Finding God in humbling moments: David’s journey (2 Sam 15:30-37)
2 Sam 15:30-37
In the year that I was finishing my university degree in Budapest and after an earlier tourist visit to Israel, I was hoping and praying that I might go back there for a gap year. Opportunities, however, seemed scarce as I was unwilling to go the usual route of volunteering in a kibbutz. I was seeking a Christian place and a chance encounter with an American in a Christian bookshop led to a conversation that turned around to Israel. I felt prompted to ask my acquaintance if he knew of a Christian organisation in Israel where I could volunteer for a year and, to my surprise, he did! I wrote to the manager of the Christian youth hostel that I was pointed to and asked if there would be a place for me. A few months later, after completing my degree, I was on my way to Israel. God is often at work behind the scenes as we pray and He moves us towards His goal through opportunities that He gives and using the steps we take that present themselves.
Humbled yet rising
We shall see this same aspect of God at work in David’s story where the Lord’s opportunities and David’s initiative will work together to bring about God’s plan. When David left Jerusalem, he would have walked down with his men into the Kidron valley on the east side of the city. As our reading opens, he is ritually mourning the loss of his status and climbing up the Mount of Olives (2 Sam 15:30) on the other side of the valley. Hebrew narrative sometimes uses physical location and up and down movement in space to highlight a parallel spiritual reality in a person’s life (note, for instance, Jonah’s downward movement physically that mirrors the downward spiral of his spiritual state in disobedience; Jonah 1:3, 5). Here in David’s life, it is paradoxical that even as he is humbled and barefoot (v.30), he is rising and will be coming to the summit where God is worshipped (to the place of a shrine; 2 Sam 15:32). This physical upward movement is symbolic of the way his relationship with the Lord is being renewed despite his lowly status. It is often in those moments of humbling and hardship that we reconnect with the Lord.
Answer to prayer
For the first time in a long while, we hear David pray to God as he receives news of his counsellor’s defection (2 Sam 15:31).
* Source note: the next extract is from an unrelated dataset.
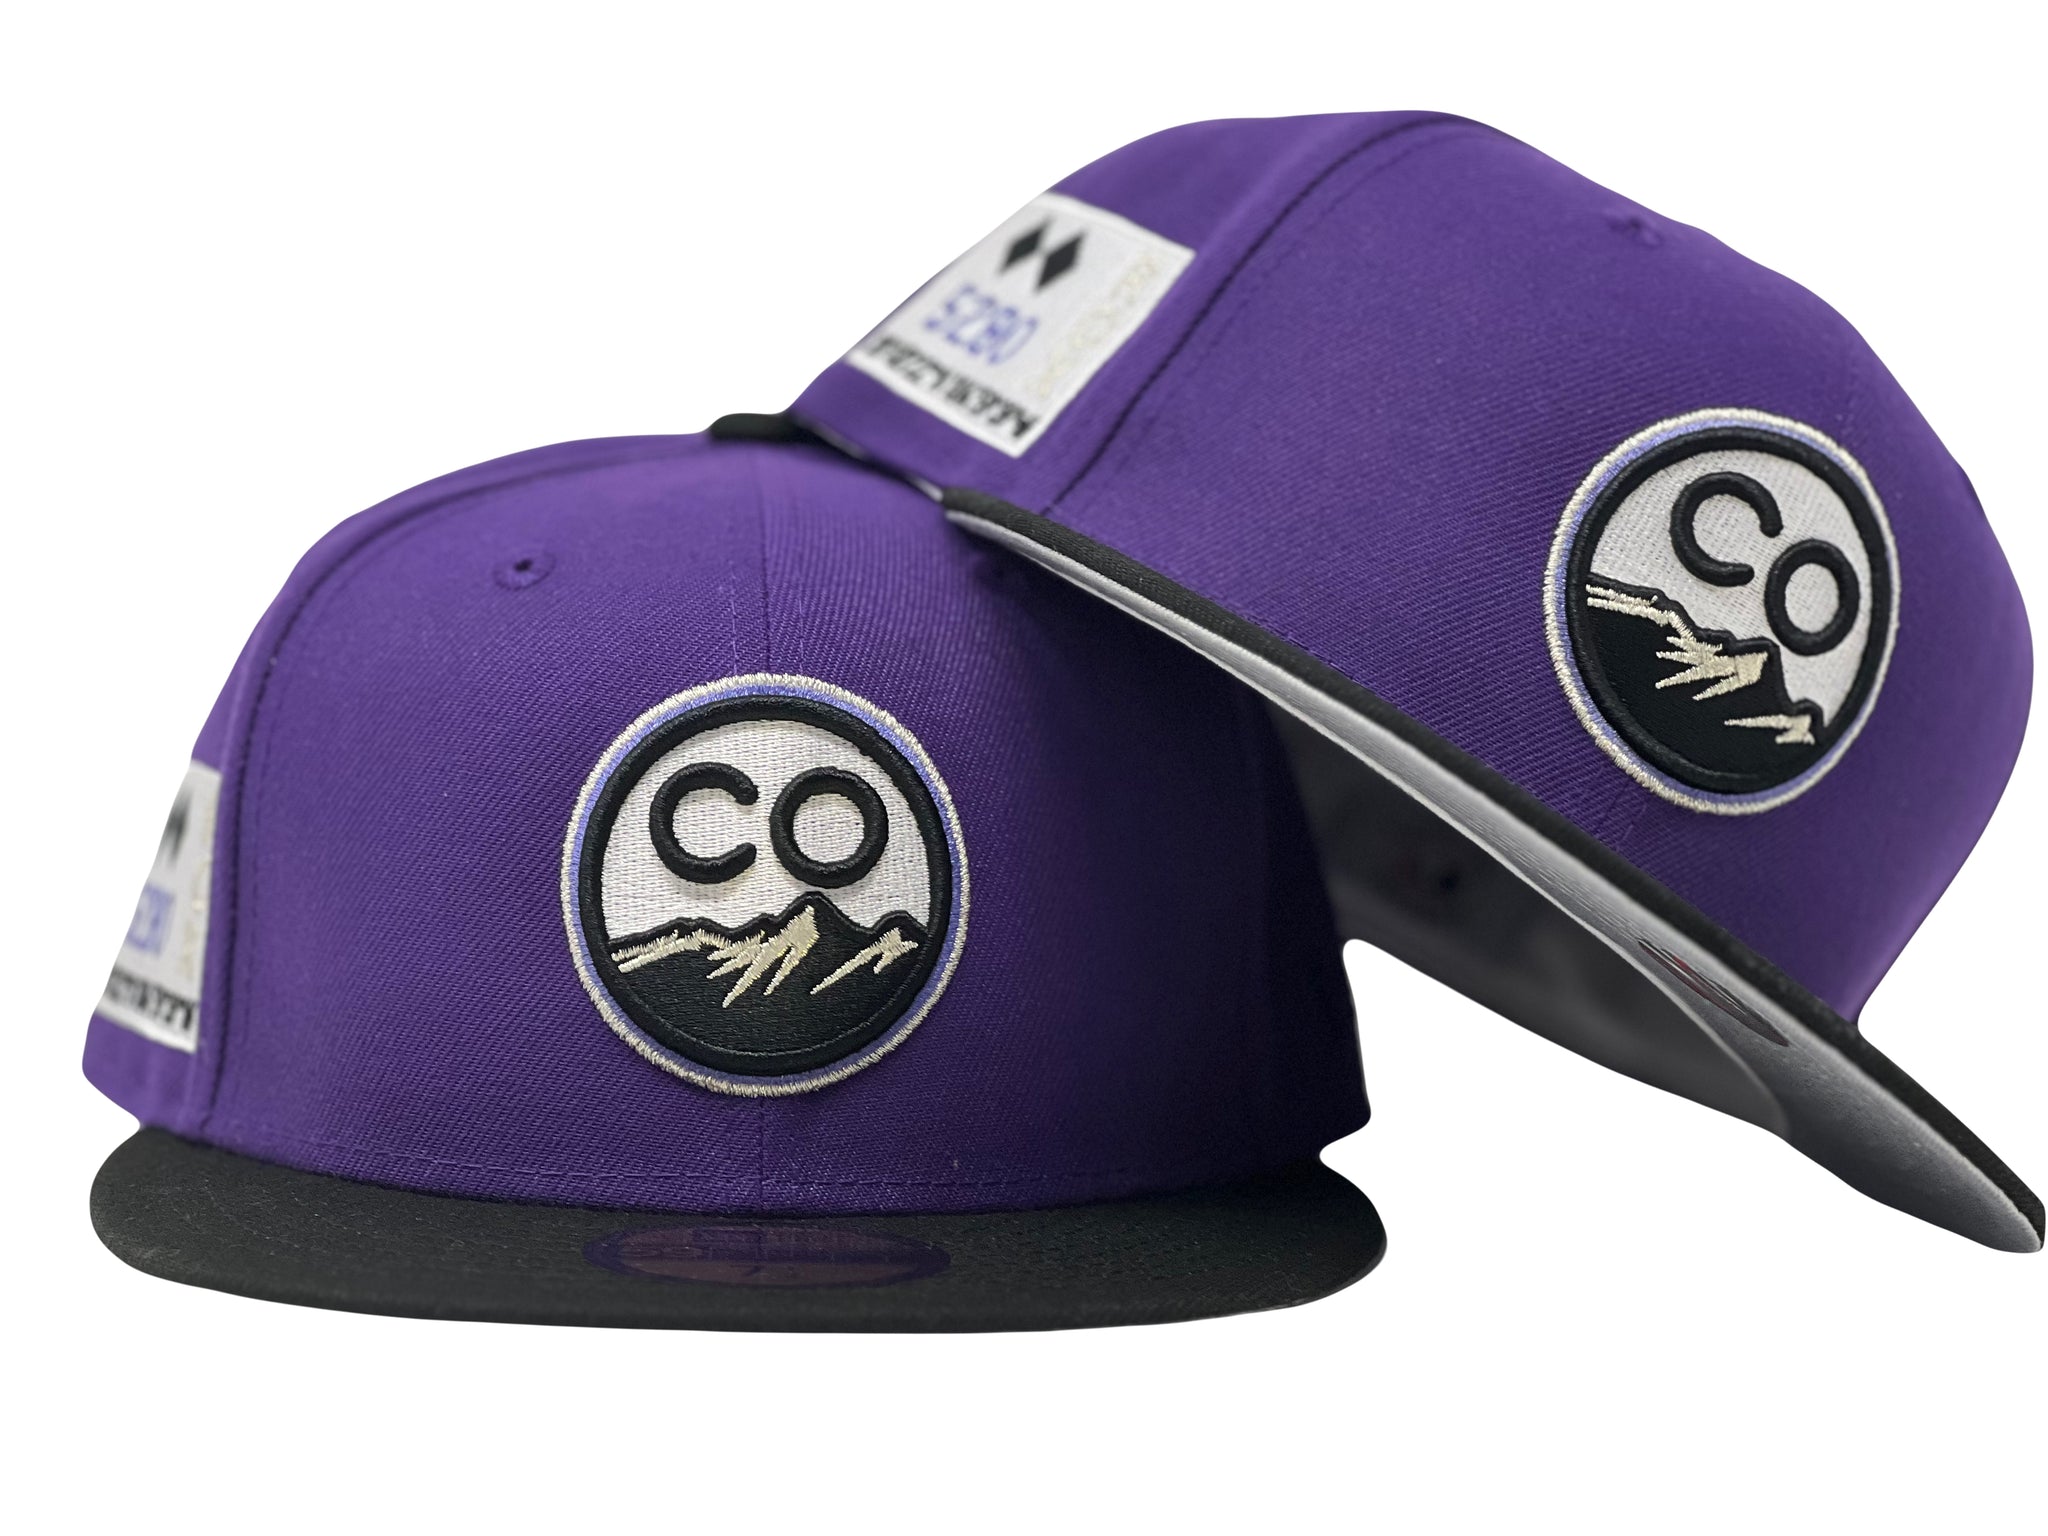 Colorado Rockies CITY CONNECT ONFIELD Hat by New Era

Once again, there is a symbolism in the way he meets Hushai just as he reaches the summit and the place of worship (v.32). David is back spiritually in a place where he seeks God and, while he does not know this, Hushai is the Lord’s answer to his prayer. Described as David’s ‘friend’ (2 Sam 15:37), this is possibly more than a reference to a personal associate and may describe a counsellor, perhaps the most trusted one in court.[1] David recognises the opportunity presented to him and sends Hushai back to be another of his men in Absalom’s court, part of the network of supporters who can exert an influence and report back on events (2 Sam 15:34-36). Hushai, in fact, will be instrumental in saving David’s life. The Lord is at work in mysterious ways presenting opportunities and weaving David’s initiatives into His plan to restore him to the throne.
The other ‘David’
As we read David’s story, we can be encouraged that God is involved in our lives, too. We may not fully appreciate at the time what is happening, but when we seek Him in our relationship and in prayer, we can know His sustaining strength and His power to make His plans for us happen. The events in David’s flight also evoke the figure of Jesus, who likewise climbed up to the Mount of Olives before being arrested and crucified and lived through the same paradox of being humbled and divested of his crown, even as he was rising toward the exaltation that would be His from God. Like David, Jesus too was betrayed, but he was not saved from death but through it. Once again, as we reflect on the coming of Jesus in our Christmas celebrations, we can be thankful that he willingly set aside His crown for a while to be of service to us.
[1] David G. Firth, 1 & 2 Samuel (Nottingham: Apollos, 2009), 458.